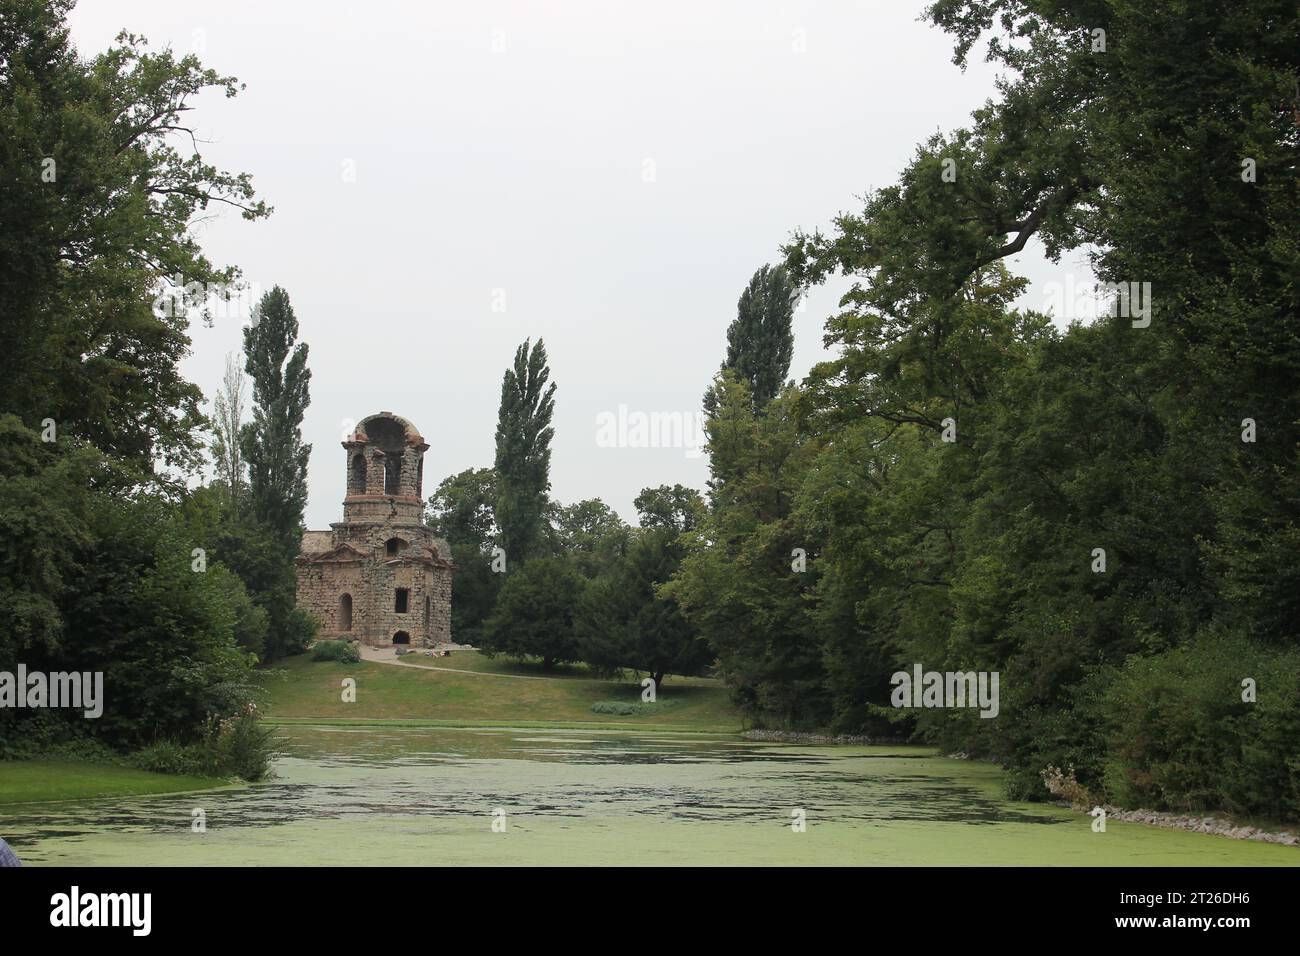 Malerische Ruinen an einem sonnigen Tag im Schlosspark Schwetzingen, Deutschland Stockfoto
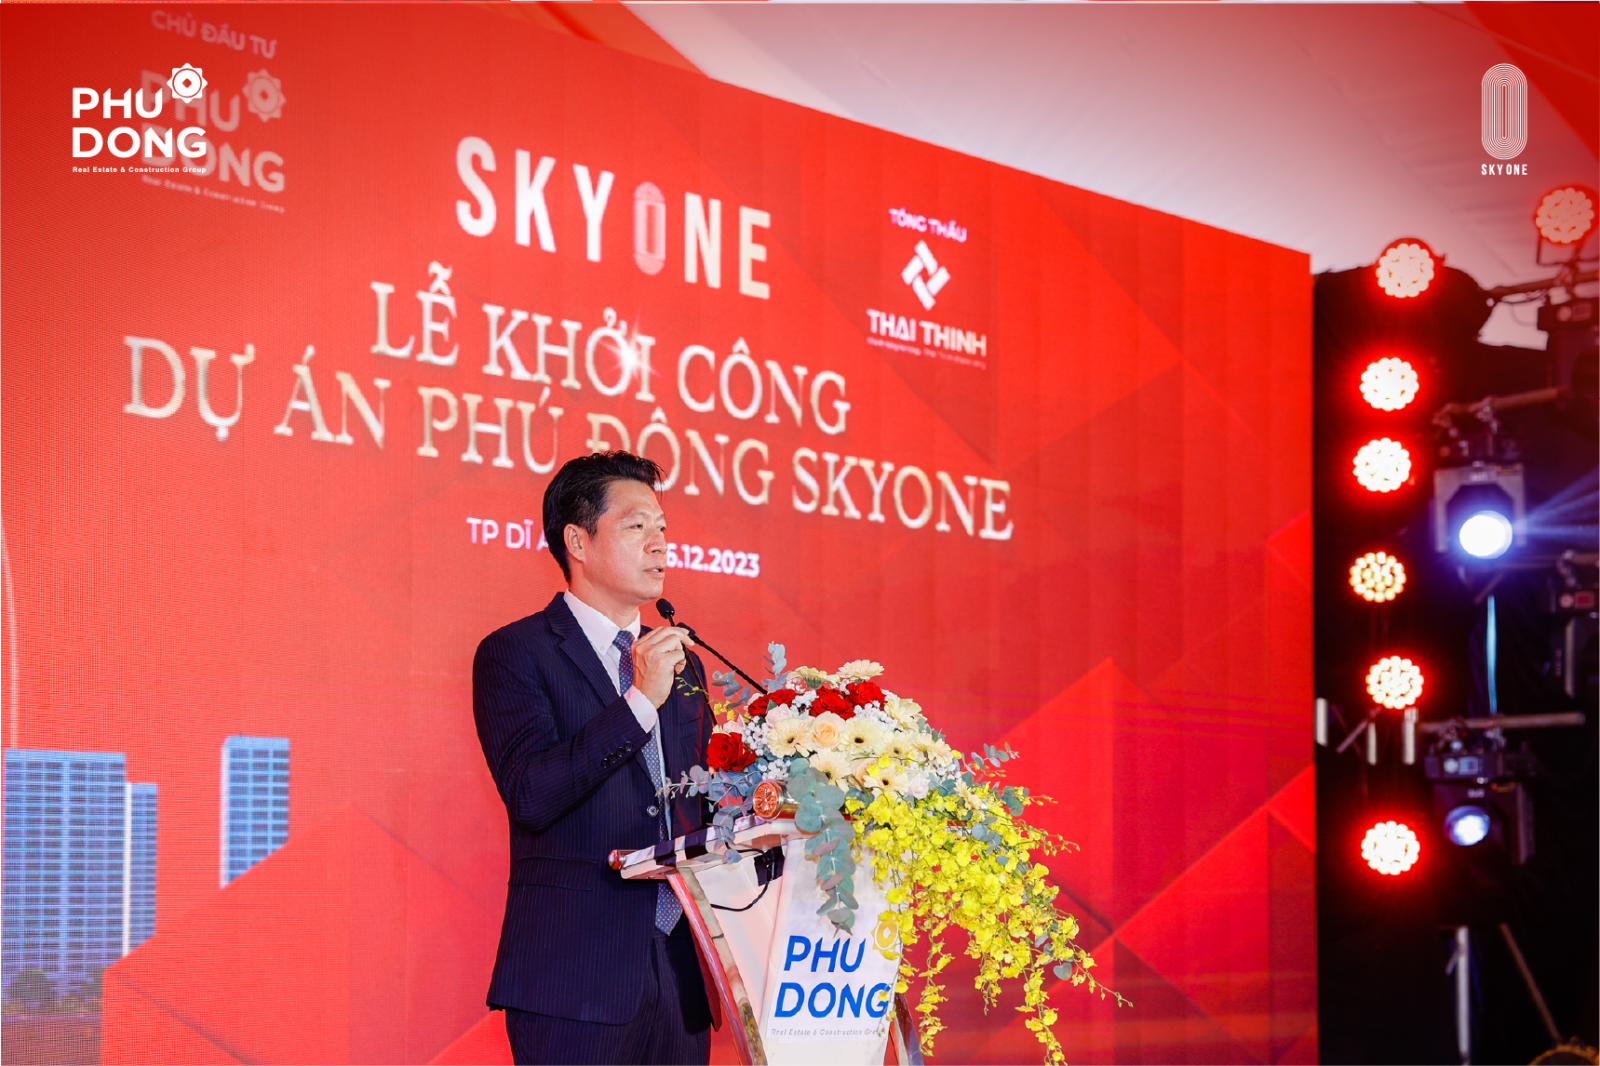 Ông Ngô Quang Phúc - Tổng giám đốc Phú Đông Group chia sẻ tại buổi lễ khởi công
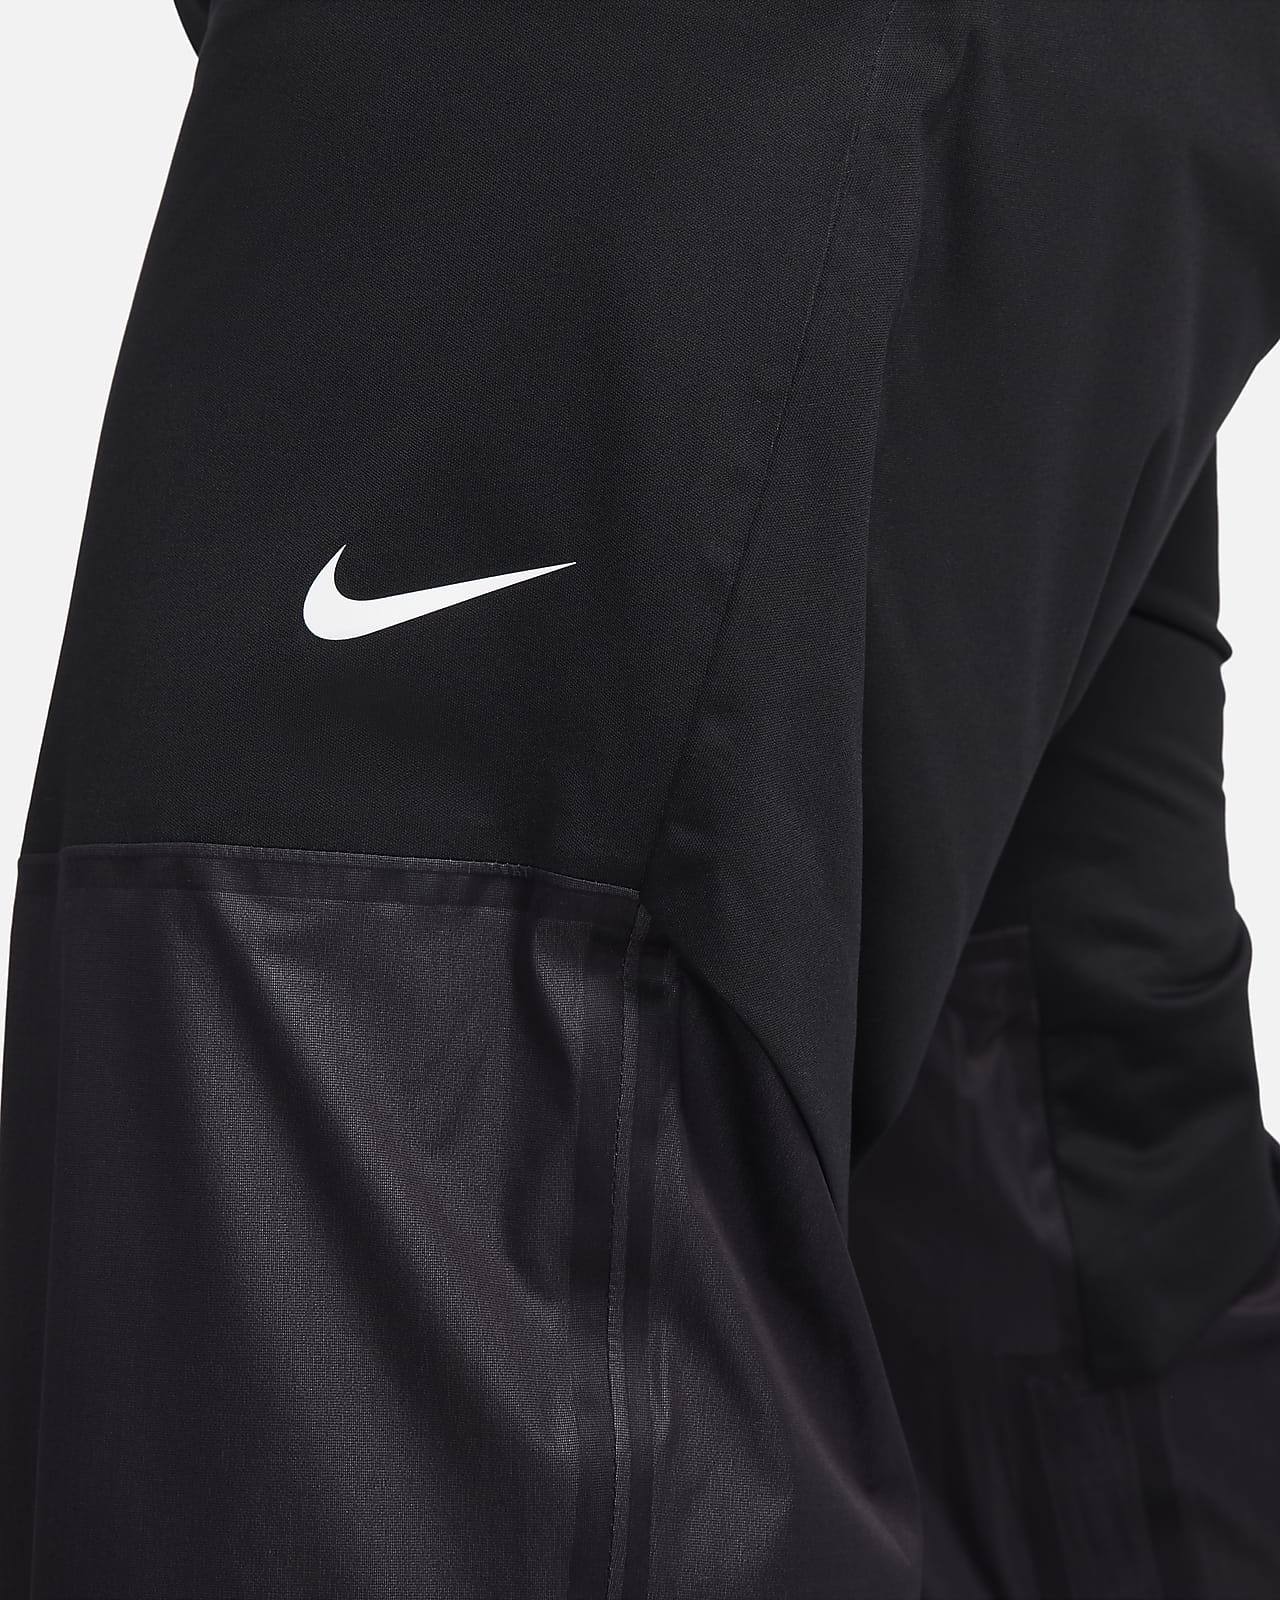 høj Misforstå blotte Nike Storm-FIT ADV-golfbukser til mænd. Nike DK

* [TASK BRIEF]:
For this copy, leave pictures out and reproduce the lines from the one bearing "Ông Ngô Quang" through the final line of the listing above, both ends included.

* [OUTPUT FOR THIS EXERCISE]:
 Ông Ngô Quang Phúc - Tổng giám đốc Phú Đông Group chia sẻ tại buổi lễ khởi công
 høj Misforstå blotte Nike Storm-FIT ADV-golfbukser til mænd. Nike DK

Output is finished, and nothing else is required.